Twitter can be frustrating but remains necessary
Less than a month after Elon Musk took control of Twitter, the platform appears to be nearing total collapse.
Twitter’s most important workers have either resigned or been fired, including those in charge of cybersecurity, privacy and legal compliance. Musk’s move to lay off hundreds of content moderation contractors may be the final nail in the coffin. Without humans cleaning up the platform, advertisers’ faith in Twitter will go from shaky to nonexistent.
Users have responded to these developments with nihilism, irony and shenanigans. For a platform that has come to embody political polarization, culture wars and “the discourse,” it seems poetic that it would collapse with such drama. And users are hurrying its fate, abusing the now-paused $8 checkmarks to impersonate Lockheed Martin, Nestlé and Musk himself.
I’ve enjoyed watching this trainwreck as much as the next guy. However, I can’t quite cheer for Twitter’s demise. Unfortunately, I’ve become quite attached to it over the years.
As many have observed, there’s no major social media platform quite like Twitter. Instagram is basically Facebook, TikTok is a dystopian opiate, and Snapchat is just an inconvenient, less-personal form of texting. Twitter offers something else: a mostly-textual medium where posting is both addictive and frictionless.
As author Lilly Dancyger recently tweeted, “I don’t want to post beautiful photos or collect myself enough to record videos of my face…I want to scrape the foam off the top of my brain several times a day and fling it somewhere.”
Beyond shouting every thought into the abyss, there are genuine uses for Twitter. Following academic leaders in your field and seeing them interact with others is an underrated opportunity presented by the platform. “Experts” will regularly share their work, react to news and engage with other scholars in public for all the world to see.

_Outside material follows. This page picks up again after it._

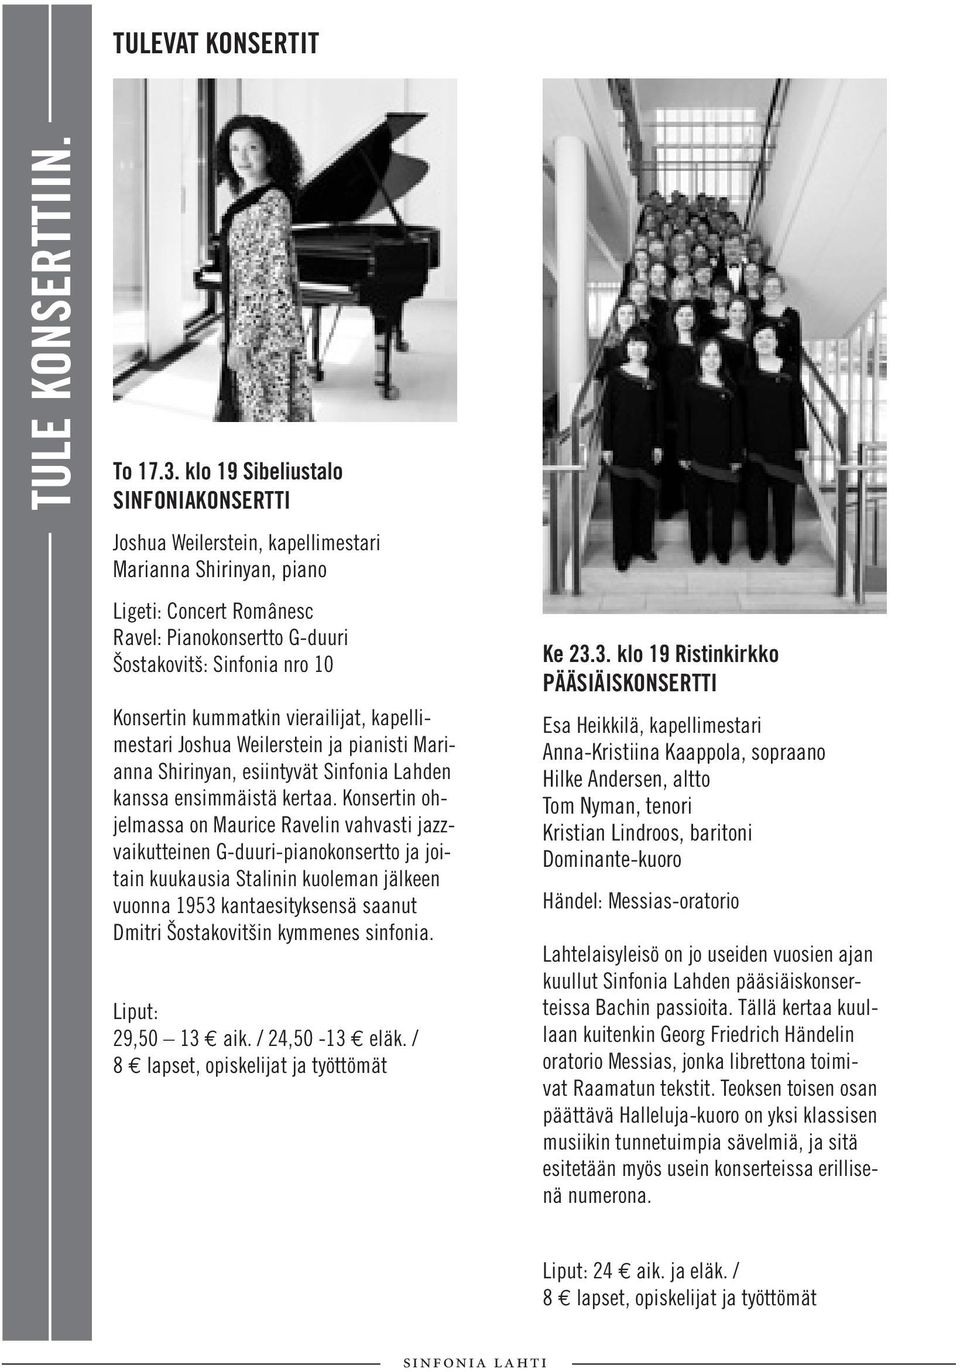 kummatkin vierailijat, kapellimestari Joshua Weilerstein ja pianisti Marianna Shirinyan, esiintyvät Sinfonia Lahden kanssa ensimmäistä kertaa.

For better or for worse, Twitter is also where most journalists are. For me, following local reporters is essential for keeping up with South Dakota news.
The implications of Twitter’s death would extend beyond its utility for me. Twitter lawyers have repeatedly stood up for its users’ privacy, anonymity and free speech rights. This summer, Twitter sued the Indian government after it demanded the removal of accounts criticizing the Modi regime.
The platform is also relatively transparent — scraping public Twitter data is common in introductory computer science classes.
Twitter is a horrible place that gives me a new thing to worry about each day. It epitomizes the neurotic, existential angst that makes chronically-online people insufferable. But if Musk runs it into the ground, I’ll be more than a little sad.